Uzaydaki olay, Fantastik Dörtlü köken hikayesinin en önemli bölümünü oluşturur. Gemi radyasyonla patladı ve dört yolcu da mutasyona uğradı, yeni güçlerle aşılanmıştı. Grimm'in etkileri - uygun bir şekilde - en korkunç olanıydı. Vücudu, sürekli olarak üstleneceği bir form olan turuncu kayalardan oluşan karmaşaya dönüştü - Bruce Banner gibi değişim yok. Grimm, katılma sırasında satılmadığı bir keşif gezisinde yanlış biçimlendirilmesinin yanı sıra, daha sonra Johnny Storm ile Grimm'in eski aşkı Alicia Masters arasındaki bir düğünde sağdıç olmak gibi hakaretlere de maruz kalacaktı.

Ben Grimm'in hikayesi üzücü. Süper kahraman adına bir bakın. Onun "Şey" - nonspesifik ve cansız.

1 Peter Parker

Örümcek Adam'ı Batman'den daha üzücü olarak sınıflandırmak kuşkusuz zor, çünkü Örümcek Adam hiç de üzgün değil. Karakter genellikle iyimser, alaycı, masumca alaycı ve enerjiktir. Dinamik tarzı ve enerjik New York City ortamı, Batman'in karanlık Gotham ve somurtkan sakinliğinden tamamen farklı.

Bunların hepsi doğru ve aynı zamanda bir mucize. Trajedileri karşılaştırıyorsak, Örümcek Adam Batman'i görüyor ve onu büyük ölçüde büyütüyor. İkisi de öksüz. Bruce Wayne'in ebeveynlerinin (çocuklarının önünde) öldürülmesinin ikonik trajedisi, onu Peter Parker'ın yetim kalanından daha fazla etkilemiş olabilir, ancak bu muhtemelen Master Wayne'in bir uşakla bir malikanede büyüdüğü ve Parker'ın büyüdüğü gerçeğiyle dengelenmiştir. yaşlı teyzesi ve amcasıyla bir işçi mahallesinde.

Peter Parker güçlerini kazandıktan sonra, amcası Ben, trajik bir şekilde vurularak, onu trajedi açısından Batman'in ötesinde bir vekil baba figürü haline getirdi.
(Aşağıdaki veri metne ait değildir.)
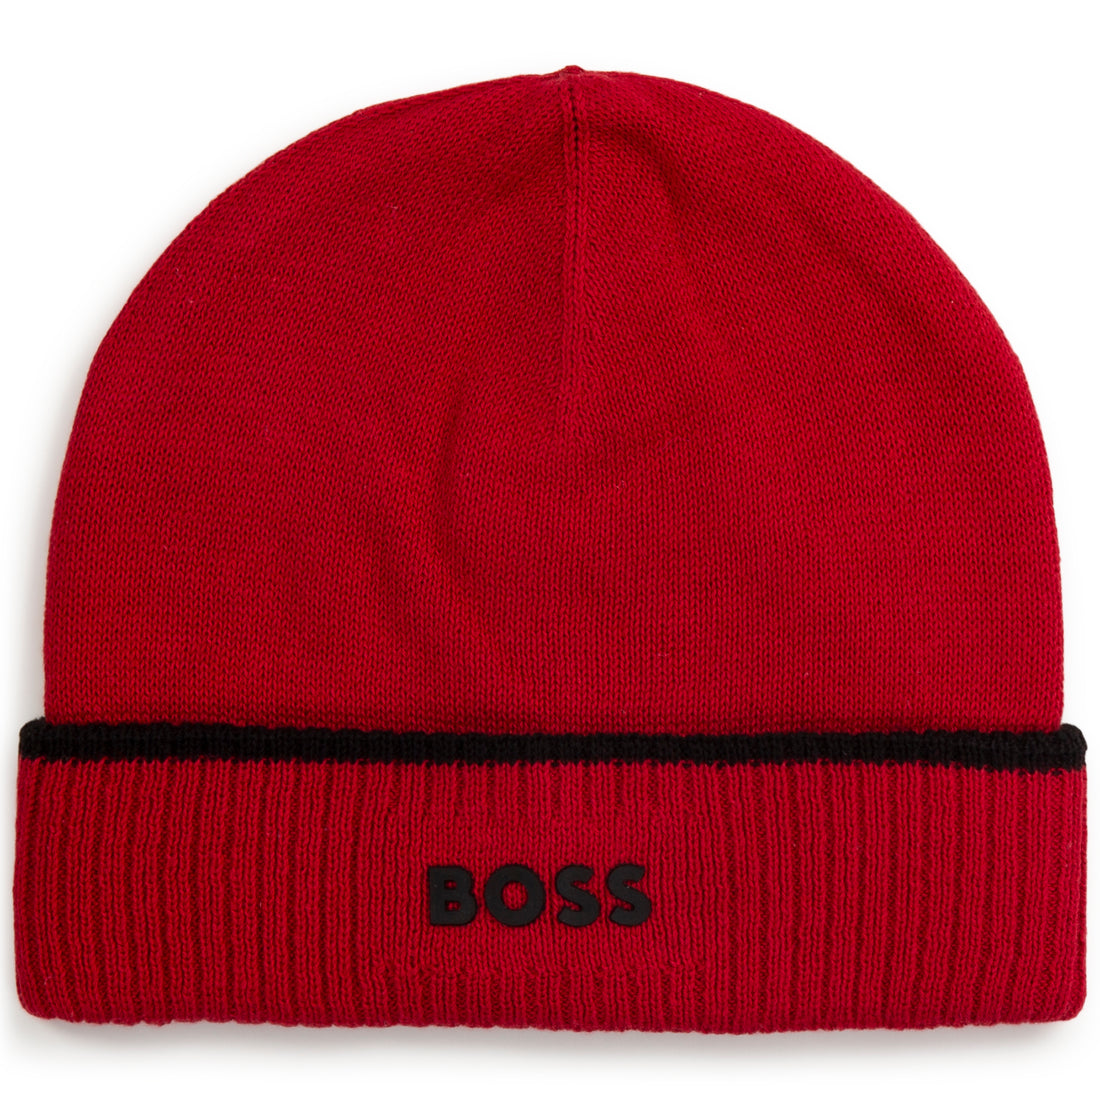 Boss Pull On Hat Style: J01131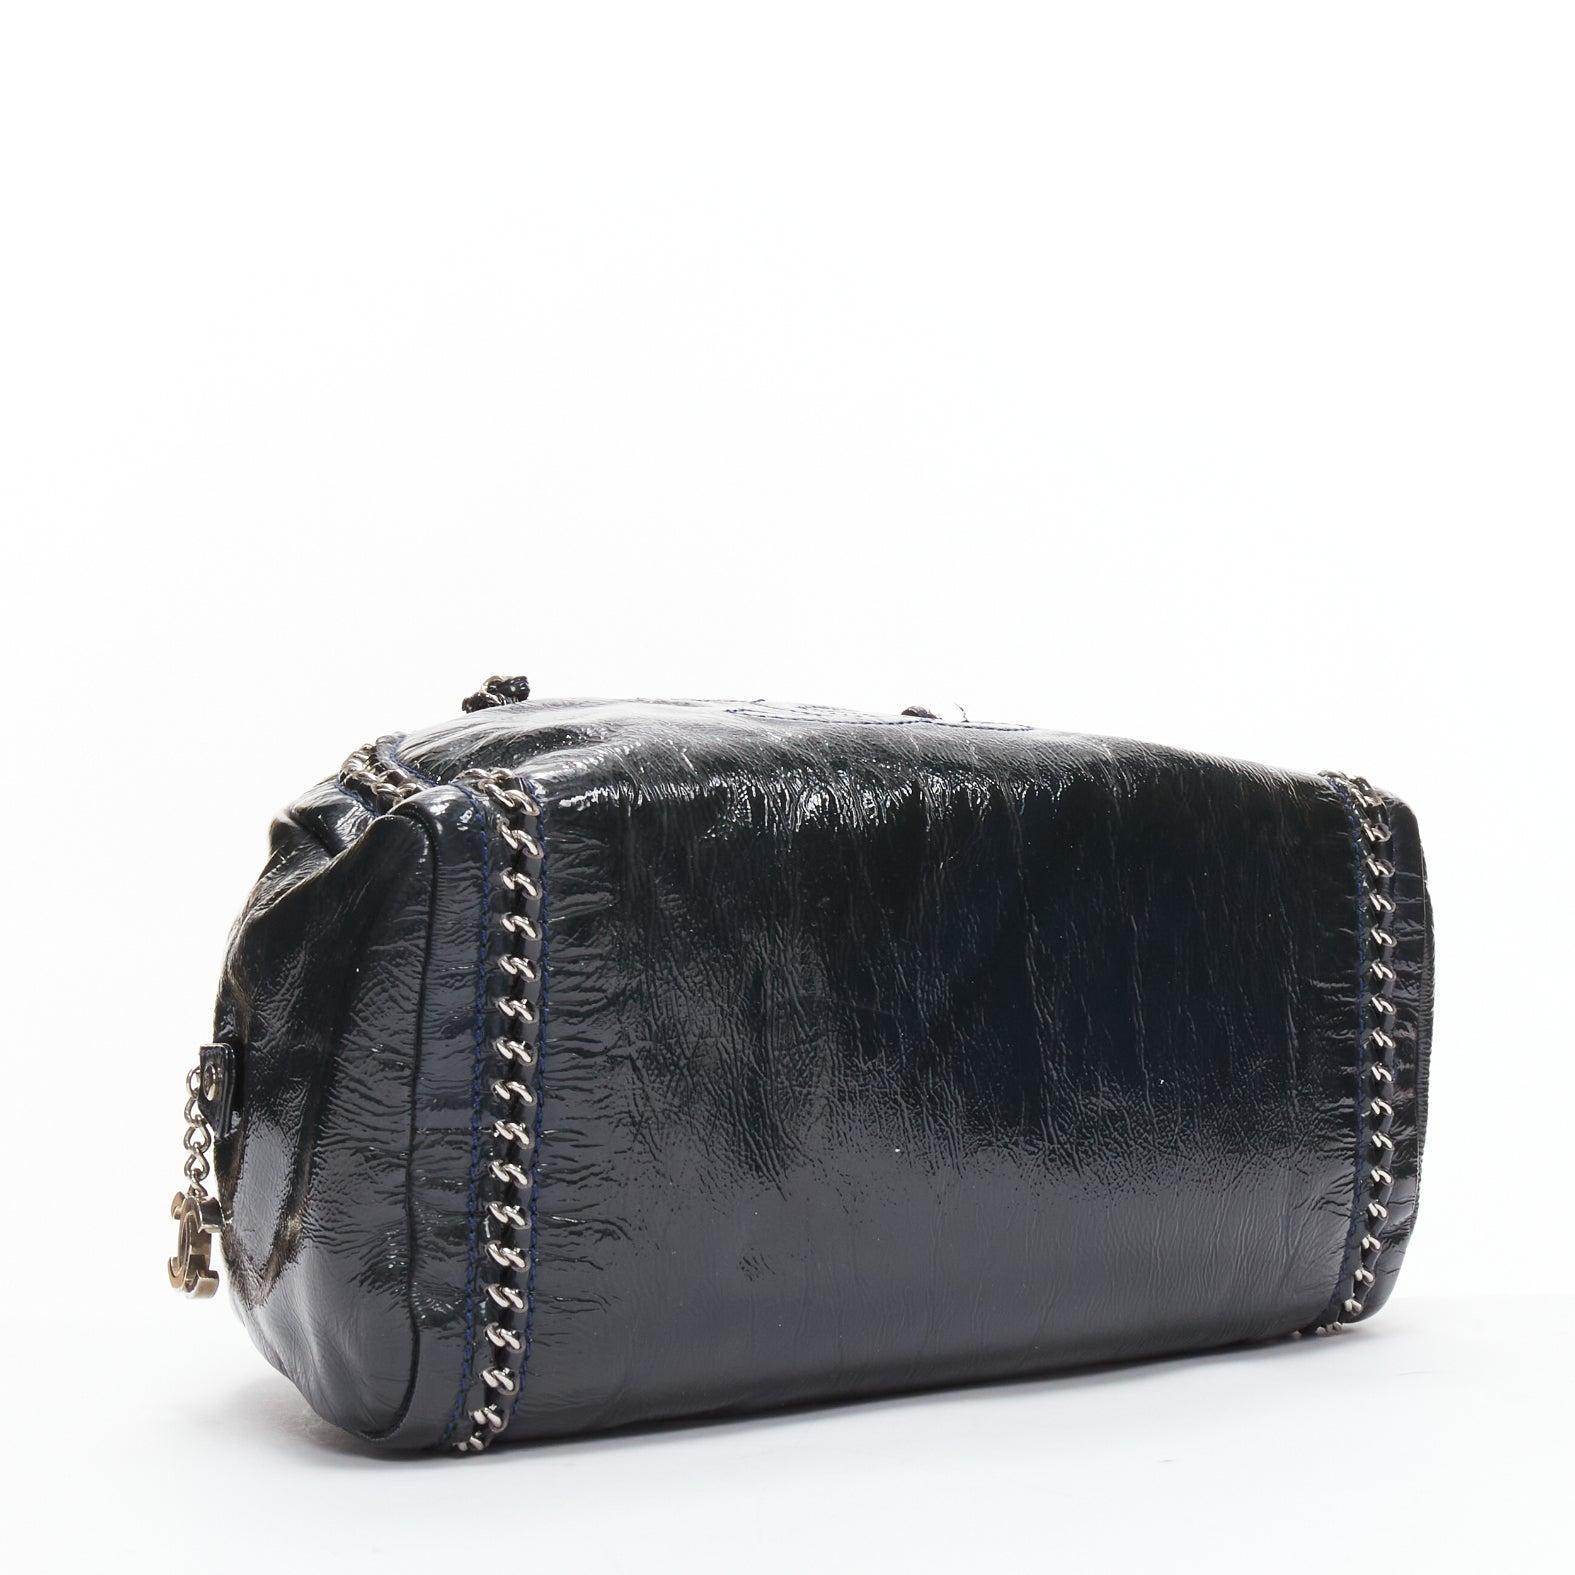 CHANEL Ligne Bowler black patent leather CC woven chain satchel bag For Sale 1

Daha sonra Parker, hayatını kurtarmaya çalışırken yanlışlıkla kız arkadaşı Gwen Stacy'yi öldürecekti. Peter Parker, okulda alınıp dayak yiyen, ebeveynleri olmayan ve sonunda başladığından çok daha azına sahip olan bir inekti, ki bu çok da değildi. Kesinlikle Batman'dan daha üzgün.